Phase 2: Engram-inspired scorer ablations
- Run hash-path and gate-path experiments.
- Run parameter allocation sweeps under fixed latency budgets.
- Publish ablation matrix with reproducible configs.
Phase 3: SSM handoff contract
- Select accepted deltas.
- Update SSM planning contracts with accepted/rejected findings.
- Document follow-on implementation slices for shadow mode.
7) Validation and tests
- Deterministic hashing tests for normalization and bucket variants.

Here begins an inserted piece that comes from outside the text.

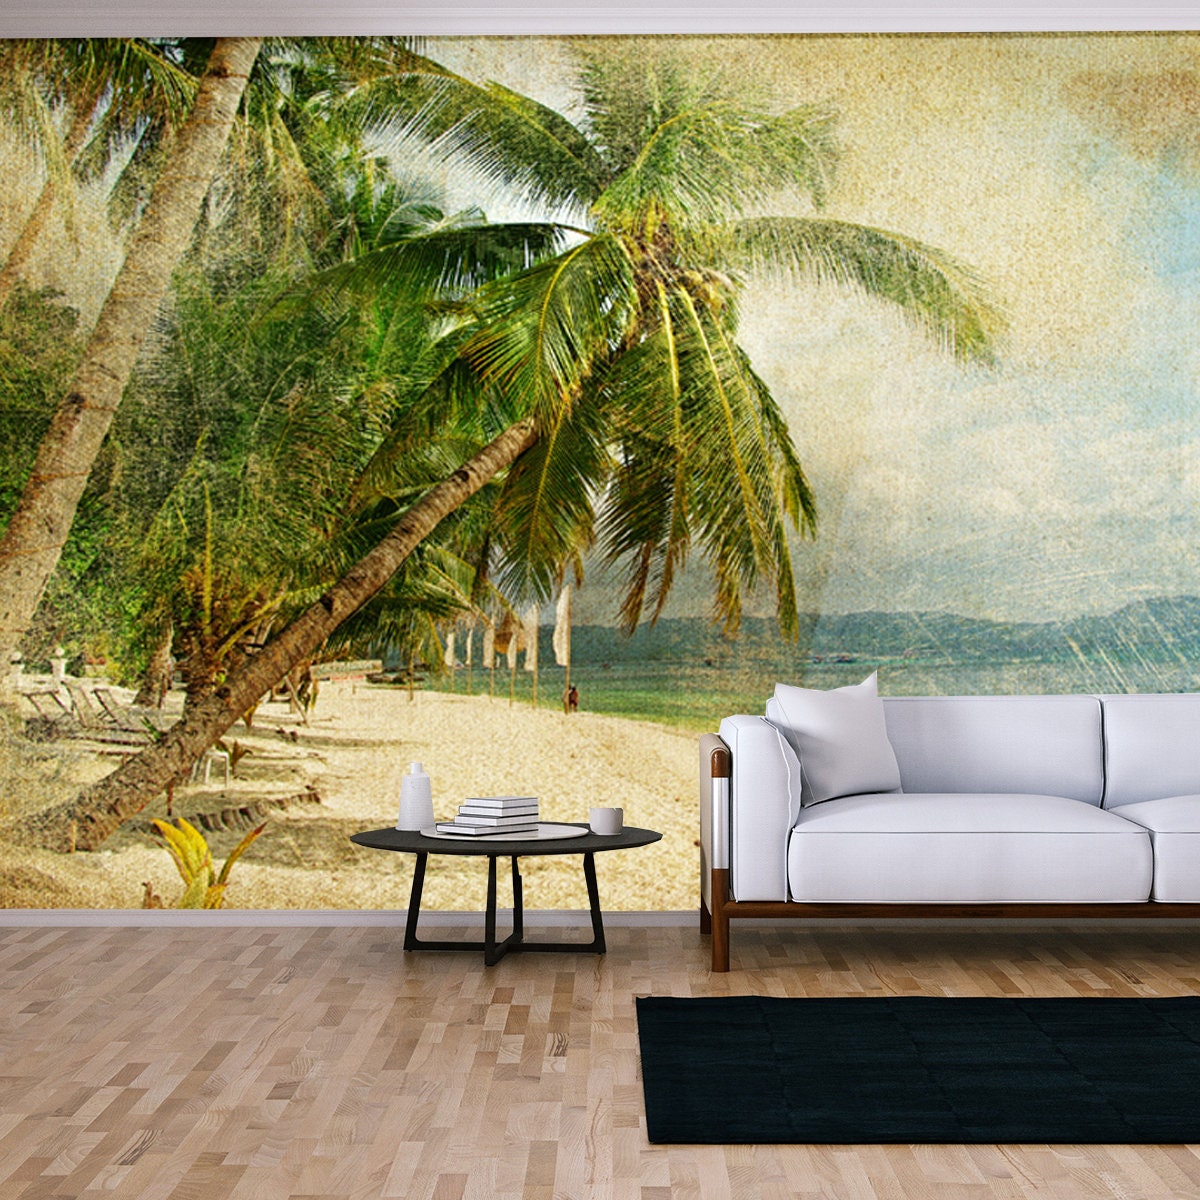 Tropical Beach Retro Styled Picture Wallpaper Living Room Mural

- Feature-dimension and RPC compatibility tests remain green.
- Latency guard tests verify no regression past agreed thresholds.
- Session-end comparison and drift logic still function with variants.
8) Success metrics
- One or more Engram-inspired variants improve quality slices on both synthetic and real-session evaluation sets.
- p95 scoring latency remains within configured budget envelopes.
- A signed decision report maps selected deltas into SSM temporal planning with explicit acceptance and rejection notes.
9) Open decisions
- Should multi-head hashing be retained as a permanent text-path default or used only in SSM experiments?
- Should Engram-style convolution live in the cross-attention scorer or remain SSM-only after translation?
- What is the minimum quality delta required to justify added implementation complexity in production scorer code?